COVID-19: Spain relaxes lockdown, Hundreds of thousands return to work

About 300,000 nonessential workers are estimated to have gone back to their jobs in Spain’s Madrid region on Monday as the country began a partial lifting of lockdown restrictions aimed at curbing the spread of coronavirus, a spokesperson for Madrid’s regional government told CNN.

As Spain enters its second month of lockdown, some restrictions were eased, allowing those who cannot work from home, such as those in the construction and manufacturing industries, to return to work.

However, shops, bars, and restaurants and other businesses considered nonessential remain closed.

Spain has been one of the countries worst affected by the coronavirus pandemic, with more than 169,000 confirmed cases so far — the highest in Europe, and second only to the US, according to figures from Johns Hopkins University.

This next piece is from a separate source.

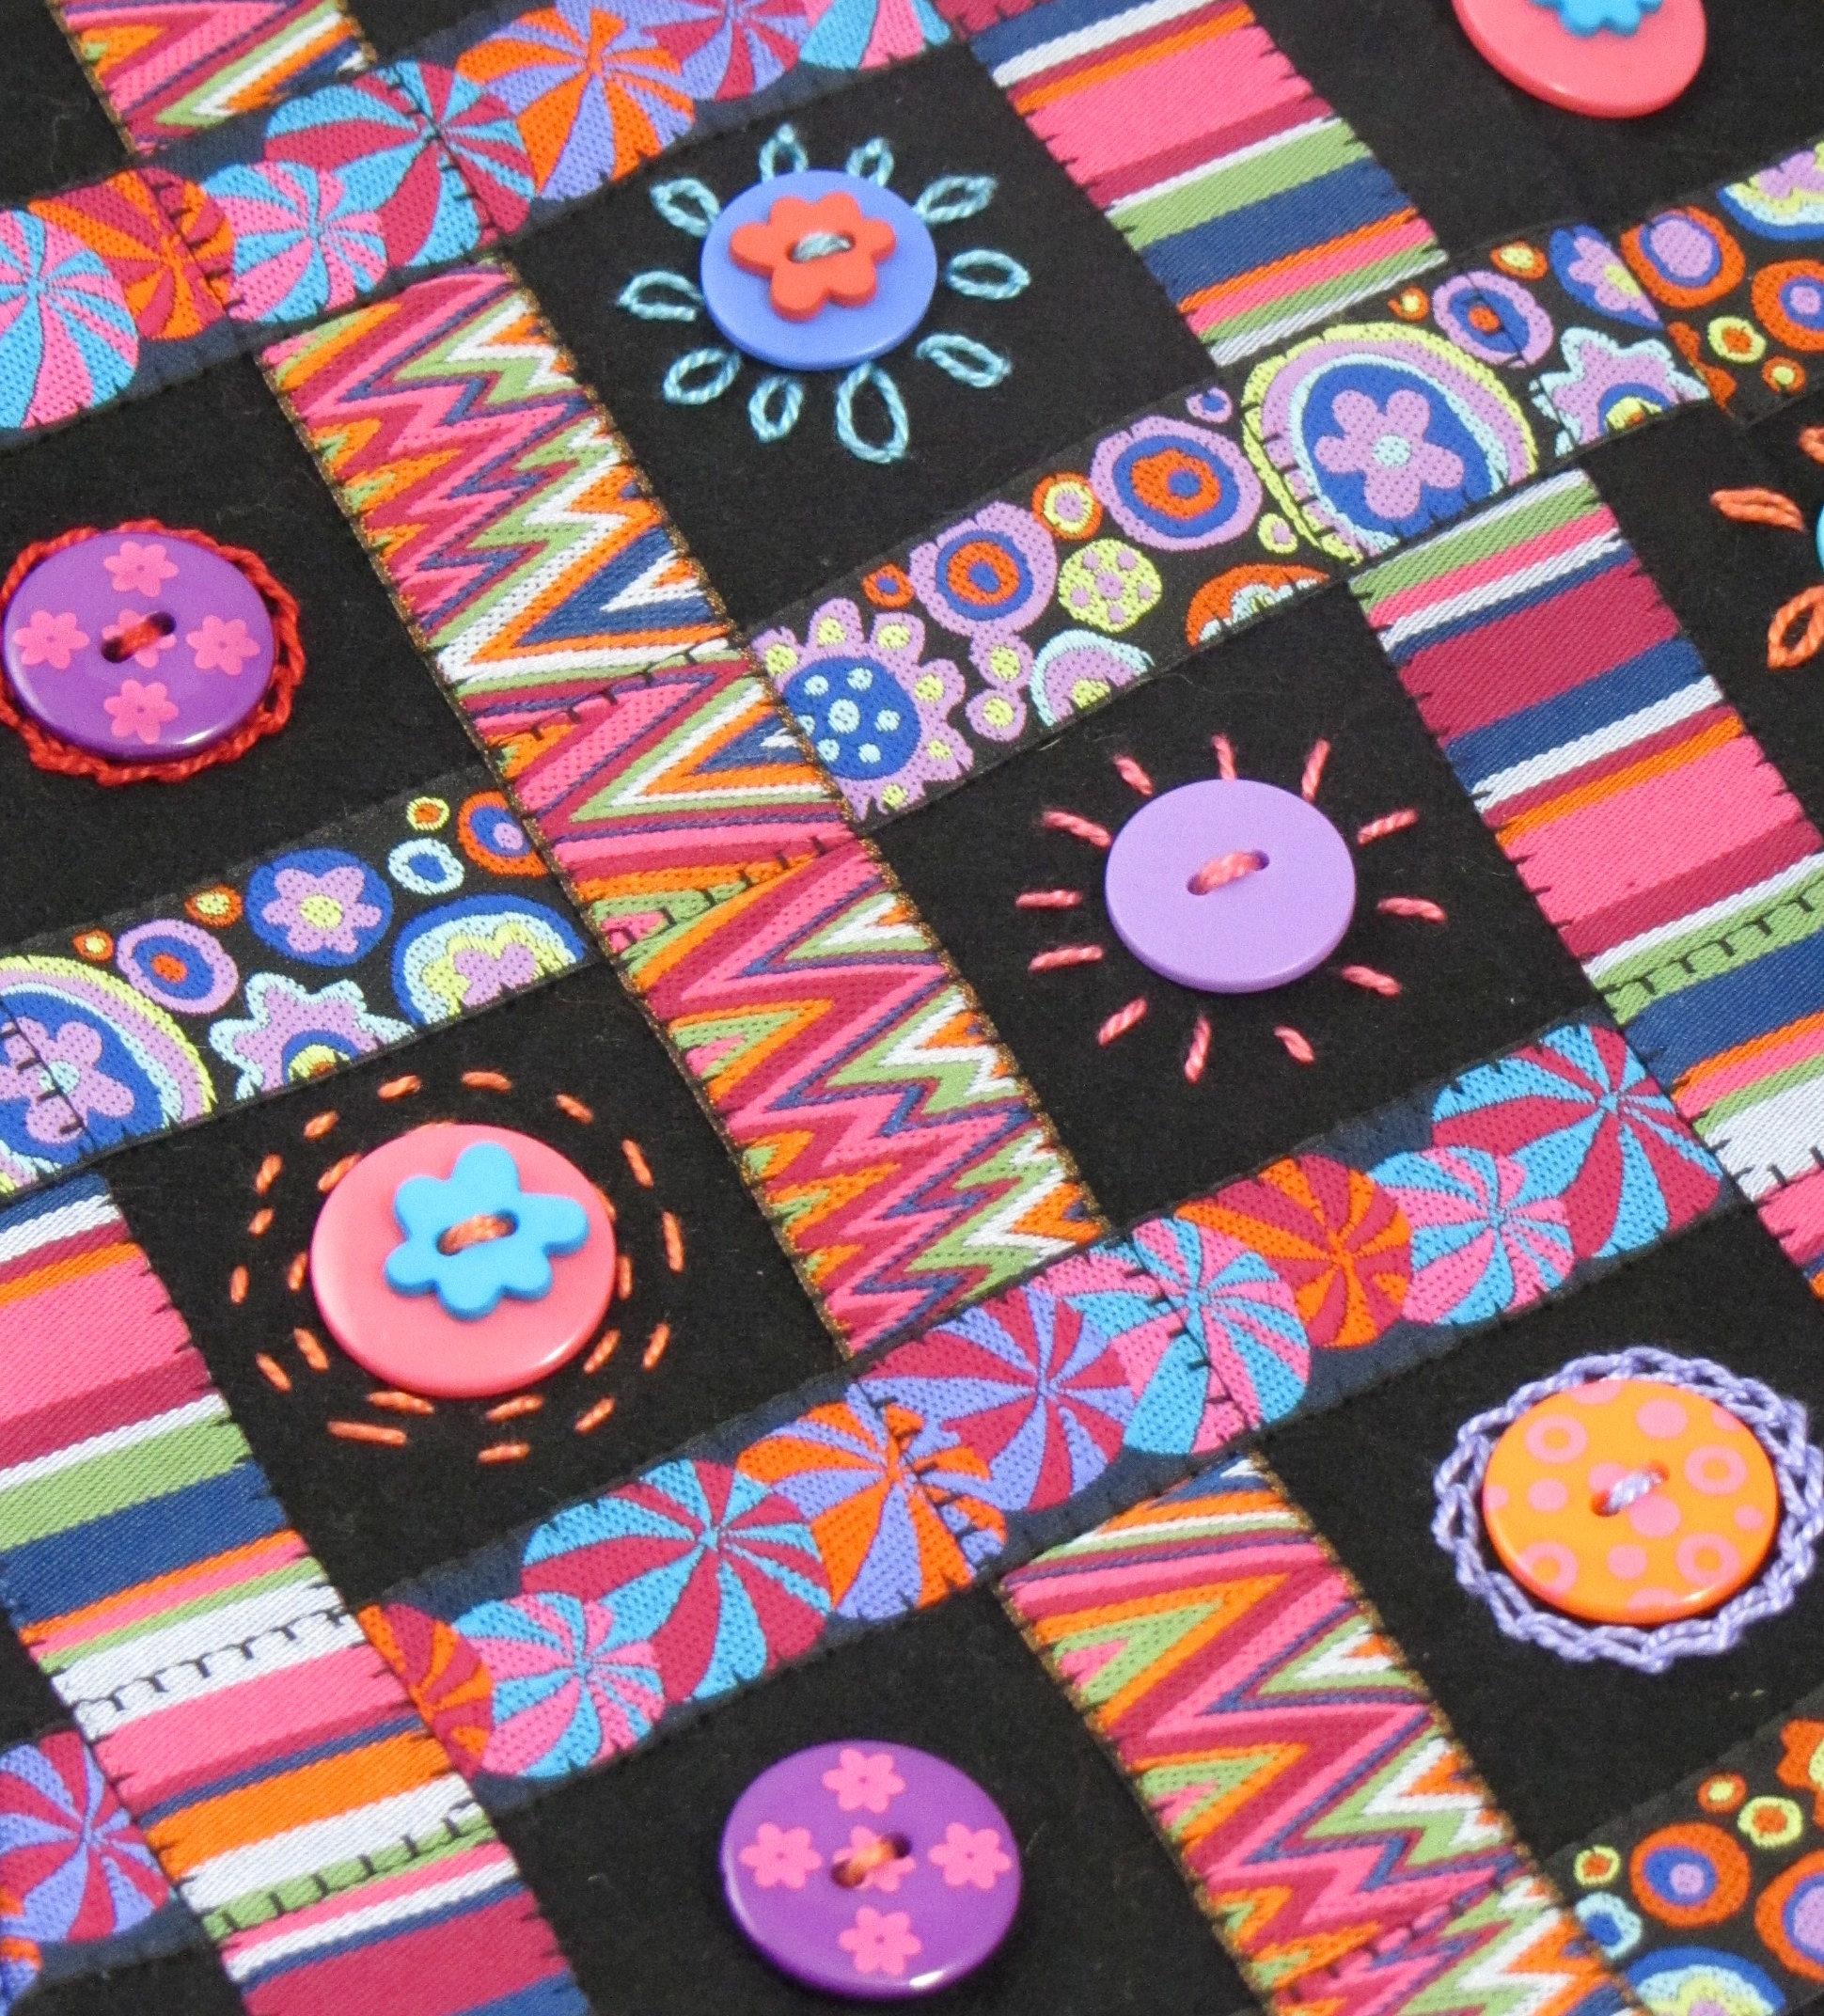 Elaine Schmidt Designs, sewing, ribbon, quilting, crafts ...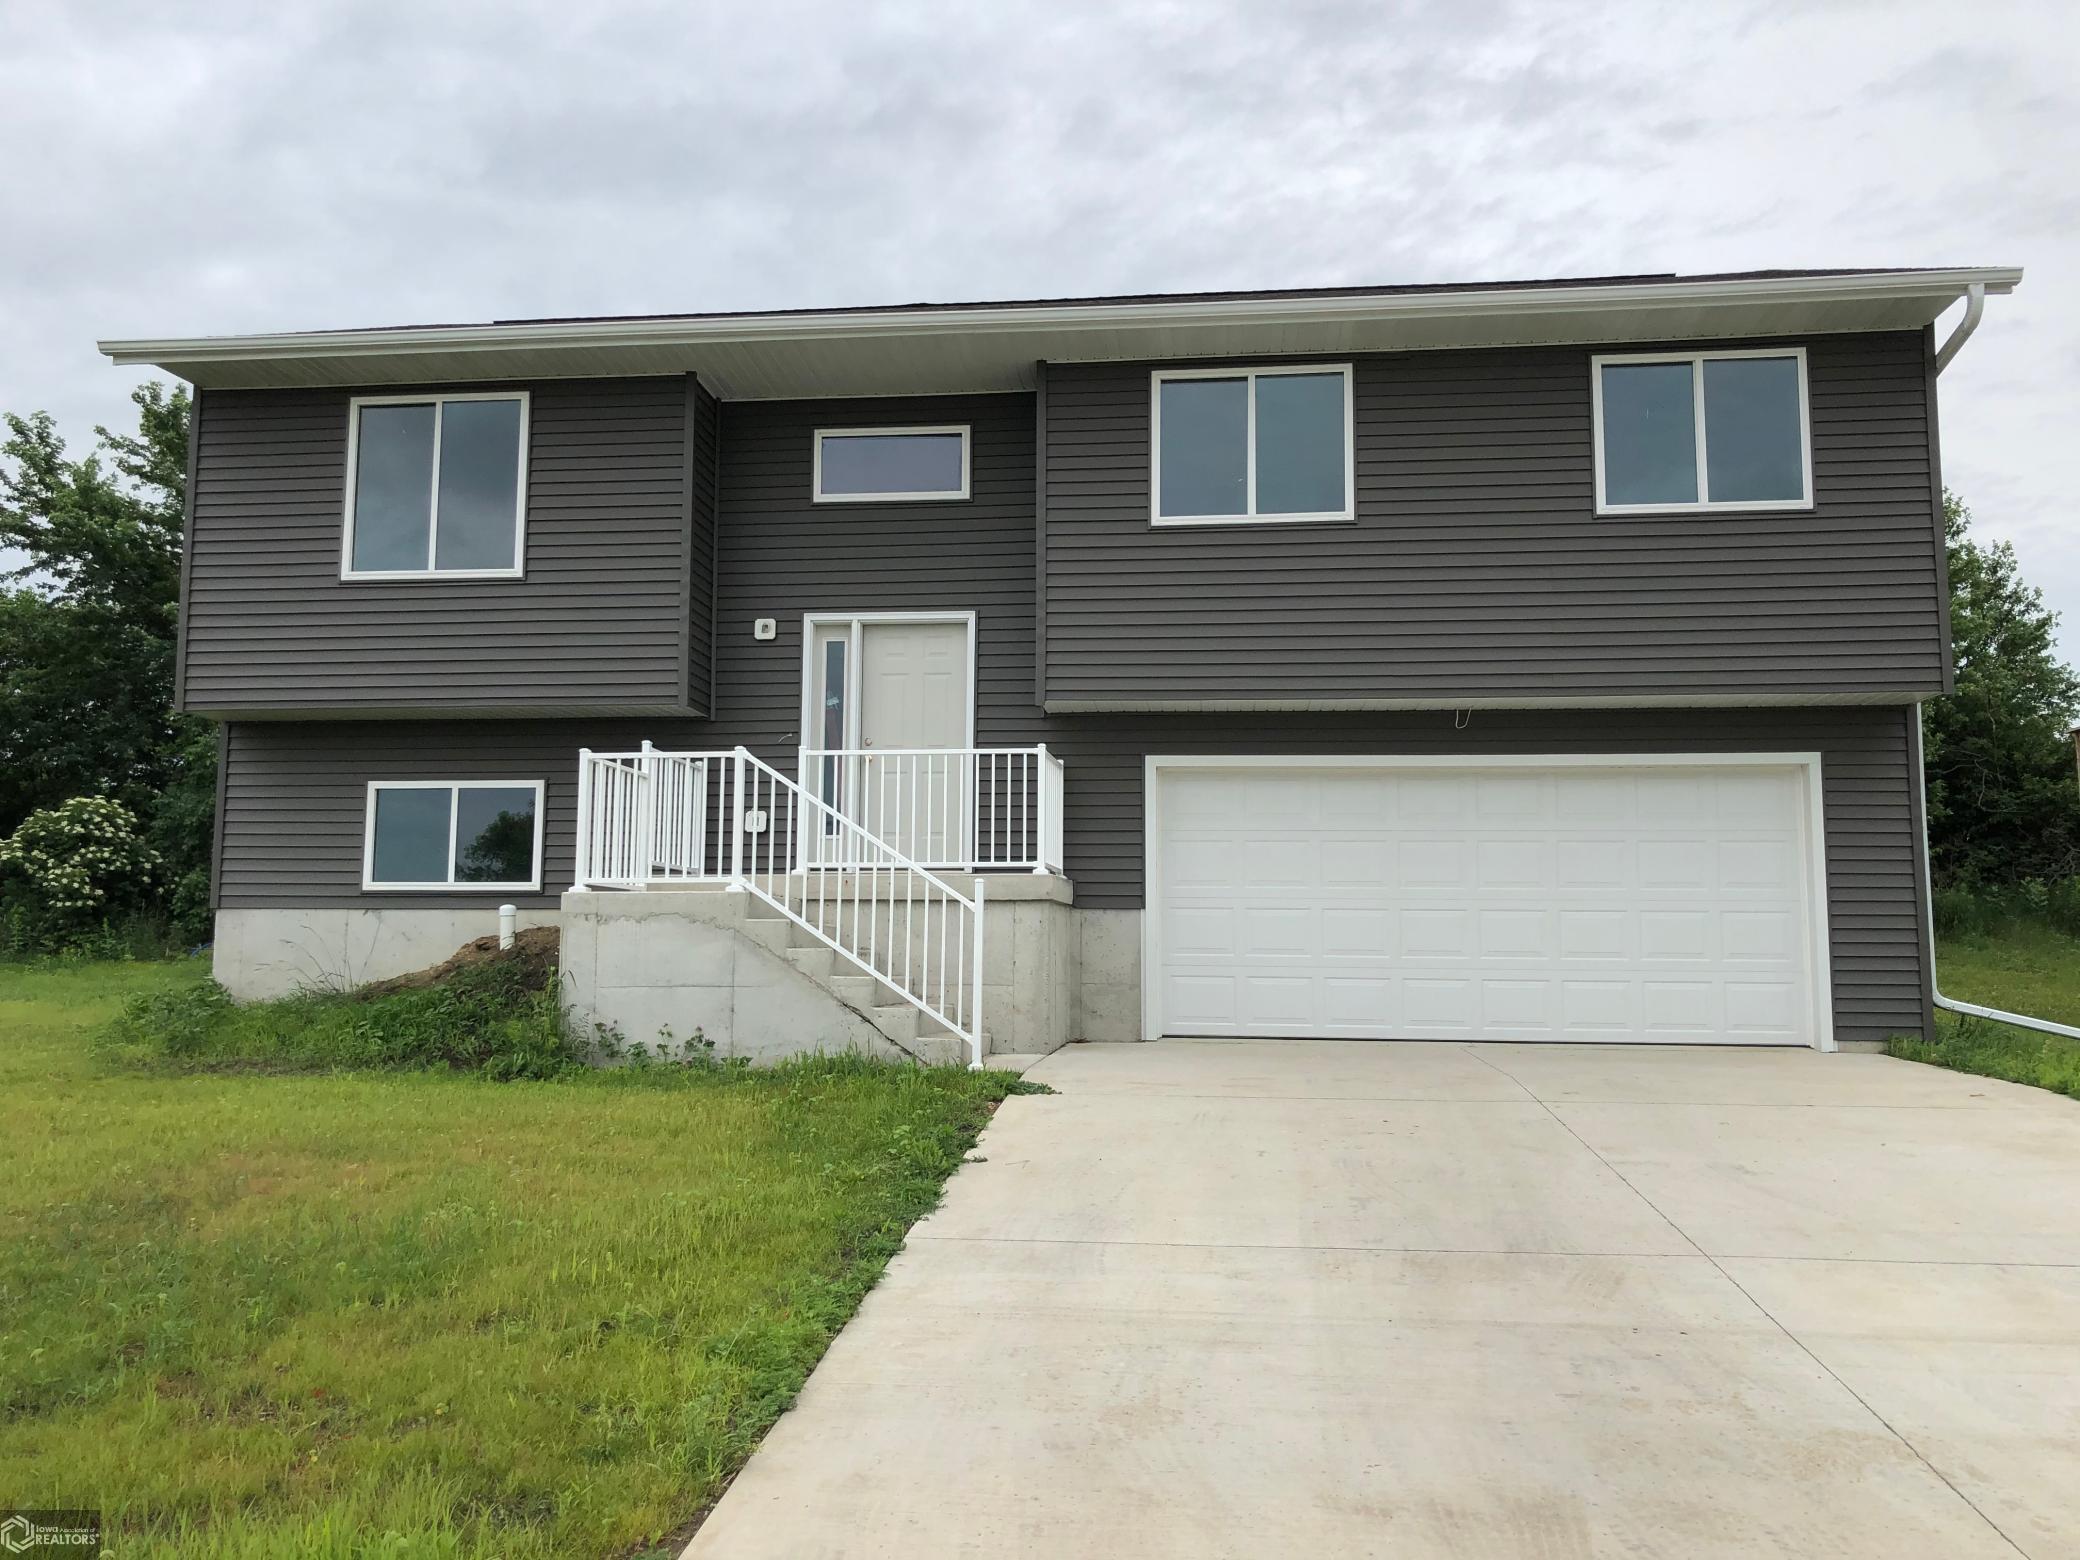 1104 Mockingbird Property Photo - Carroll, IA real estate listing

The country has now recorded a total of more than 17,400 deaths. On Monday, it recorded the second-lowest daily rise in deaths for three weeks: 517 fatalities in the past 24 hours.

But Prime Minister Pedro Sanchez has cautioned that the nation’s return to normal life will be “progressive,” stressing that the resumption of normal activity will happen in phases and will be accompanied by hygiene measures and efforts to monitor new cases and prevent further contagion.

“We can’t even know what kind of normality we’re returning to,” he said last week.